Lesson the Second. As of Tuesday, Trent Lott's statement became a big story, and it looks like it's getting bigger. We'll never really know why it turned around. Maybe it's blogs. Maybe the media was holding out for next week's cycle.
I think that it was Al Gore. I think that it took a prominent member of the opposition to offer a vigorous soundbite to inject it into the media. (Sorry, Jesse Jackson doesn't count.) If the Democrats don't care about this, Howard Kurtz might figure, why should I risk offending my sources?

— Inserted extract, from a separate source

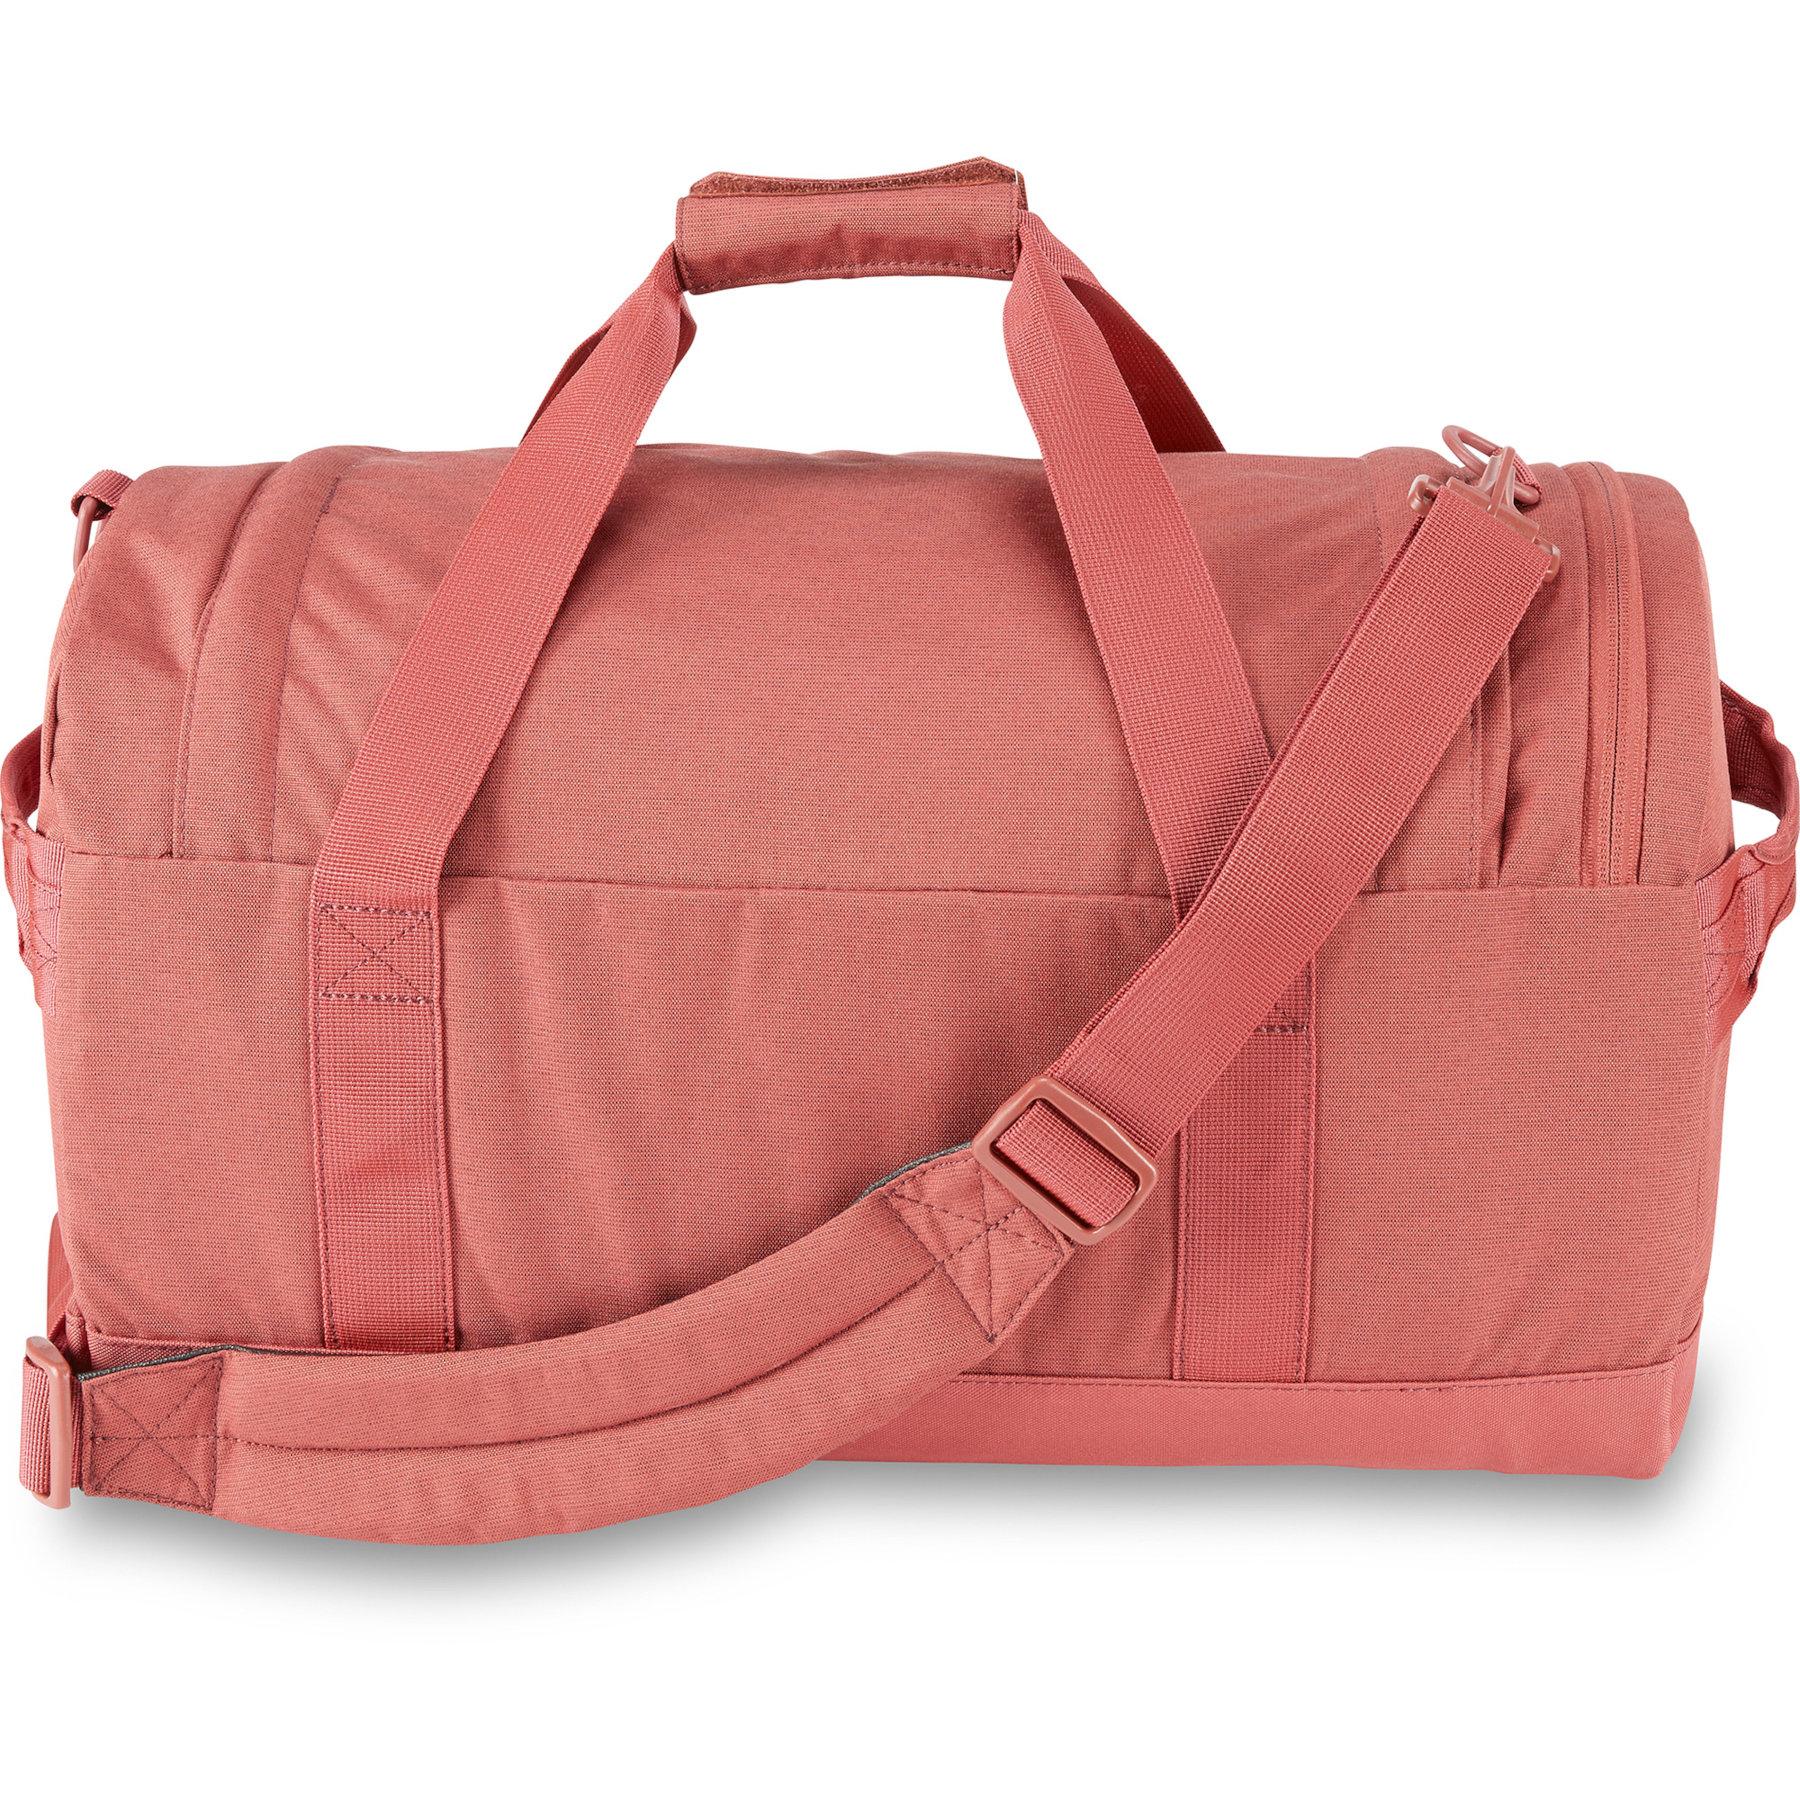 Image of Dakine EQ Duffle 35L Bag - Dark Rose

The Democrats need to make a damn fuss if they want their points in the media. Democrats can get their talking points into the media, but it isn't as easy as blast-faxing them out. (Not the the DNC
even tried on this issue.) It’s no coincidence that Tom Daschle got a lot of coverage for saying that it was outrageous for Bush to say the Senate wasn’t interested in national security. It’s no coincidence that this coverage actually managed to make the administration issue something resembling an apology. What
is amazing is that Daschle didn’t learn anything from this experience.
As a minority party, we need more fewer Tom Daschles and more Al Gores.
* Incidentally, out of all the horrible TV shows to get a movie, why not “Welcome Back, Kotter”? I’m not saying I want to see it, I'm just saying.